After 7 d of incubation with regular headspace, the L∗ and a∗ values differed significantly (P < 0.008) only in N2 compared to the results of the samples packed in presence of the other atmospheres. These N2 samples were darker and more reddish. Excepting the gas combinations being significantly different since day 0 in b∗ value, only samples packed in O2 compared to samples packed in CO2 developed a significant difference (P < 0.001) during incubation, and samples packed in O2 and with regular headspace were more yellowish. Comparing the L∗ values of the samples packed with increased headspace, a significant difference (P < 0.001) was detected only between CO2 samples and N2 samples, with samples packed in CO2 being brighter. Significant differences in the b∗ value developed in samples packed in air compared to samples packed in O2. Samples packed in O2 became more reddish. Also, samples packed in CO2 differed from samples packed in N2, with CO2 samples becoming more greenish. With increased headspace, except for the samples packed in O2 compared to samples packed in CO2, all comparisons of the influence of the atmosphere on the b∗ value showed significant differences. With regular headspace, the b∗ values only of air-packed and O2-packed meat did not differ significantly. Comparisons of the effect of the headspace would not be purposeful because of significant differences of L∗, a∗, and b∗ since the first measurements at day 0 (Table 3). Chouliara et al. (2007) have also found nearly constant L∗, a∗, and b∗ values on chicken meat over an incubation period of 12 d.
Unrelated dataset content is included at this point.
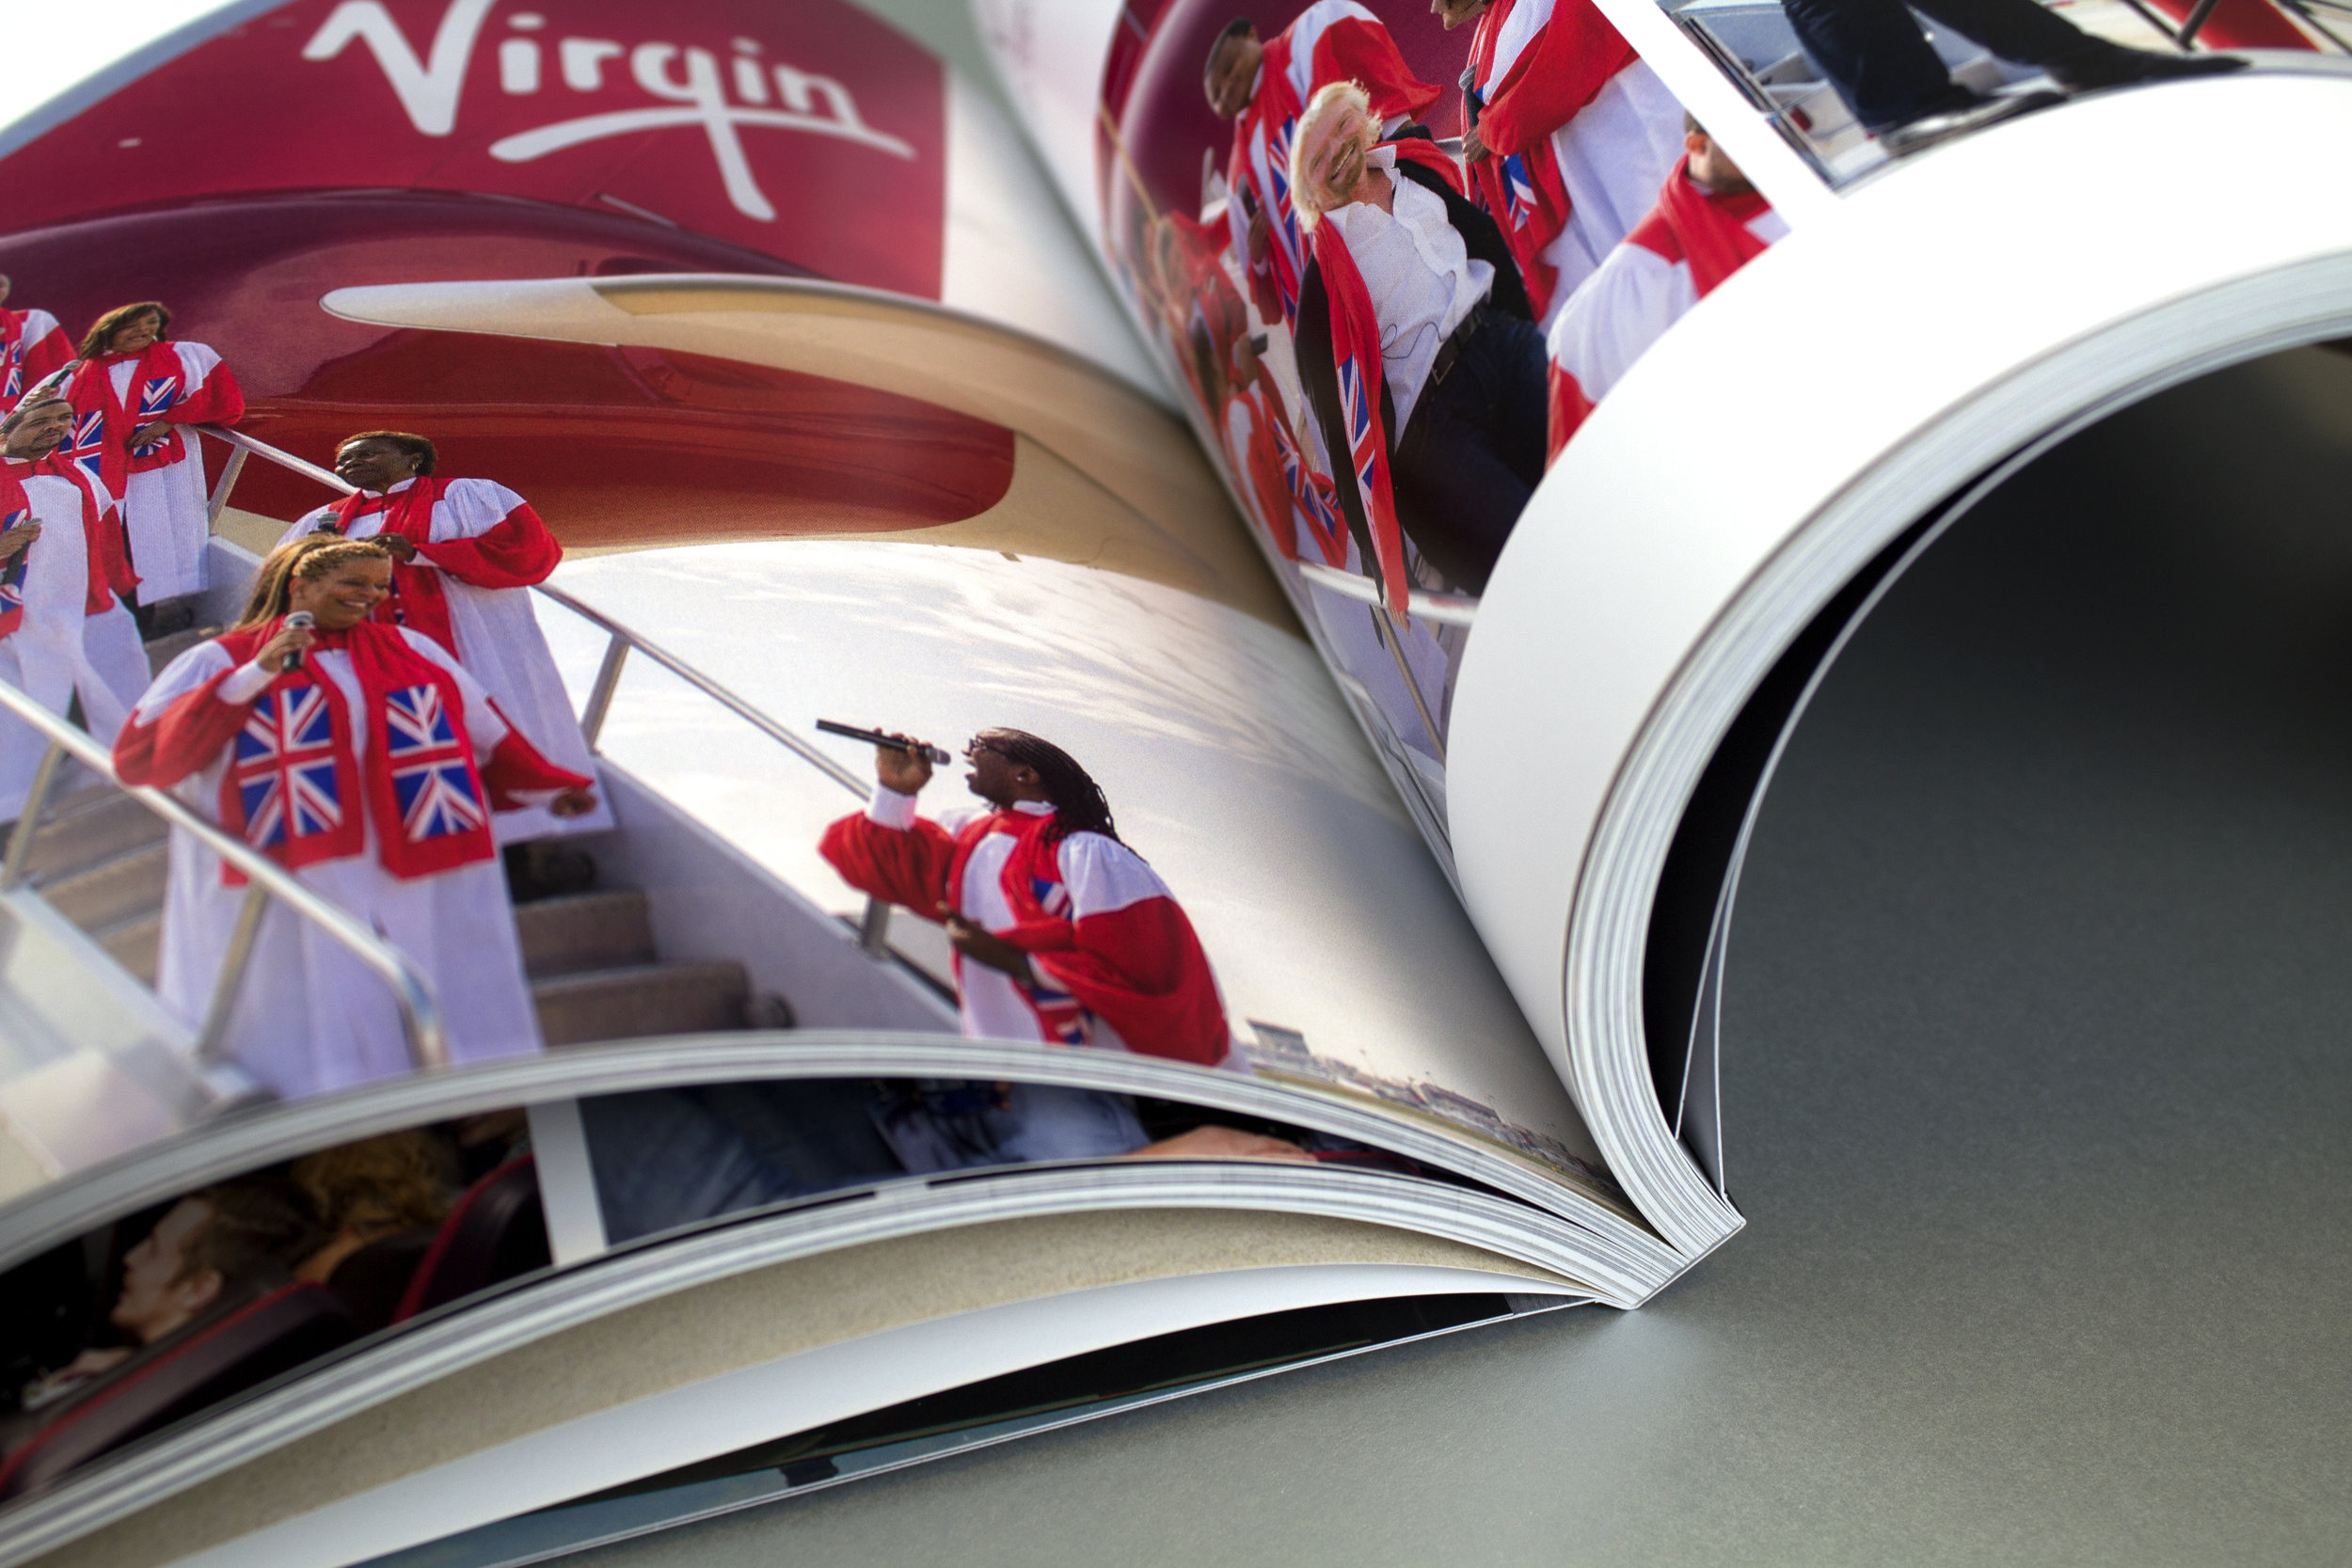 134027 - Virgin Atlantic - Photo Book-26.jpg

Seydim et al. (2006) have reported effects on the L∗ value of ostrich meat in air and in an 80% O2 + 20% CO2 atmosphere similar to those of the respective atmospheres in the present study. They described an almost constant L∗ value over an incubation period of 6 d in the presence of both gases. Bingol and Ergun (2011) also described nearly constant values of L∗ of ostrich meat packed with 2 different headspace ratios after 7 d of incubation. But in both studies, the a∗ value decreased over the incubation time of 6 and 7 d, respectively. The b∗ value also decreased slightly in the presence of air and the 80% O2 + 20% CO2 atmosphere in both studies. Slight decreases in the L∗ and a∗ values and an increased b∗ value were reported by Lorenzo et al. (2014) on pork patties packed under a high-O2 atmosphere. Except for the slightly darker initial color, the a∗ and b∗ values were similar to the values measured in the present study. Even when some differences of the influence of the atmosphere on the color parameters L∗, a∗, and b∗ were significant, no unappetizing colors were detected in the present study. The meat was still pink in different nuances and did not become pale or dark.

Conclusion

The use of MAP has increased the shelf life of chicken meat. The atmosphere with the highest potential for reducing the development of the corresponding microorganisms is composed of 70% CO2 + 15% O2 + 15% N2. Samples packed with increased headspace have shown an increased shelf life depending on the composition of MA, but no significant decrease of the number of E. coli 10,714 has been observed. However, before using the most efficient MA in praxis, it is necessary to investigate the influence on the flavor and the odor of chicken meat during incubation.